如果我需要一个单独的sse,sum(sum_squared_diff(x1,x2,x3,y))
会给出以下信息
MatchId = 842079 = 3.984053038520635
MatchId = 842080 = 7.882189570700502
MatchId = 842080 = 5.929085973050213
考虑到原始数据的规模,实际上我是在追求sse的总和。对于上述样本数据,只需将值相加即可得出total sse=
17.79532858227135。`一旦我实现了这一点,那么我将尝试通过更新任意值m来基于此图优化sse
下面是我希望函数可以迭代的列表
Home_scored = s.groupby('MatchId')['Home_Goal_time'].apply(list)

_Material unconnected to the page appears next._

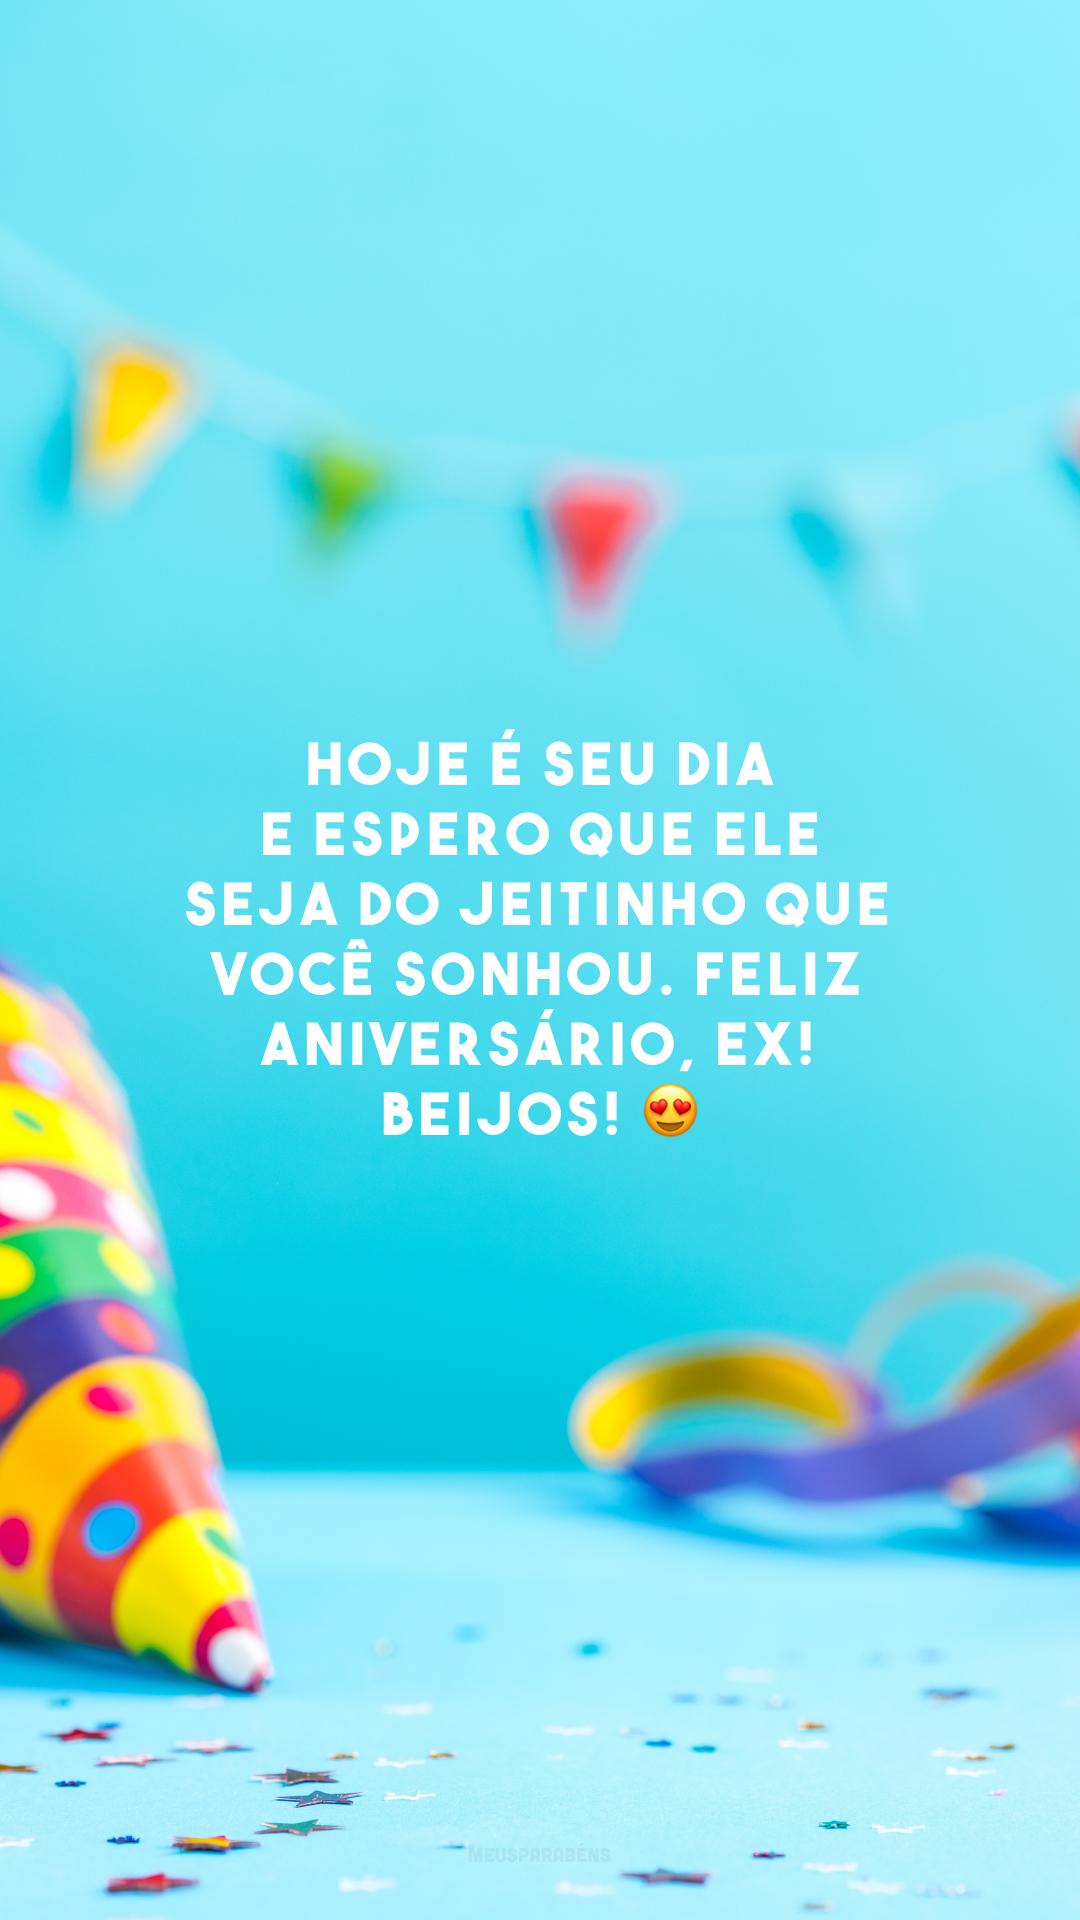 Hoje é seu dia e espero que ele seja do jeitinho que você sonhou. Feliz aniversário, ex! Beijos! 😍

Away_scored = s.groupby('MatchId')['Away_Goal_Time'].apply(list)
type(HomeGoal)
pandas.core.series.Series
然后将其转换为列表
Home_Goal = Home_scored.tolist()
Away_Goal = Away_scored.tolist()
type(Home_Goal)
list
Home_Goal
Out[303]: [[0, 0], [121, 159, 0, 175], [0, 0, 0, 0]]
Away_Goal
Out[304]: [[87, 115], [0, 0, 169, 0], [70, 142, 176, 0]]
但是该函数仍然将
Home\u Goal
和Away\u Goal
作为空列表如果你只想一次考虑一个匹配项,则应该<代码>。
df.groupby('MatchID').apply(...)
请提供样本输出?感谢您抽出时间来研究这个问题。你能看一下这篇编辑过的文章吗?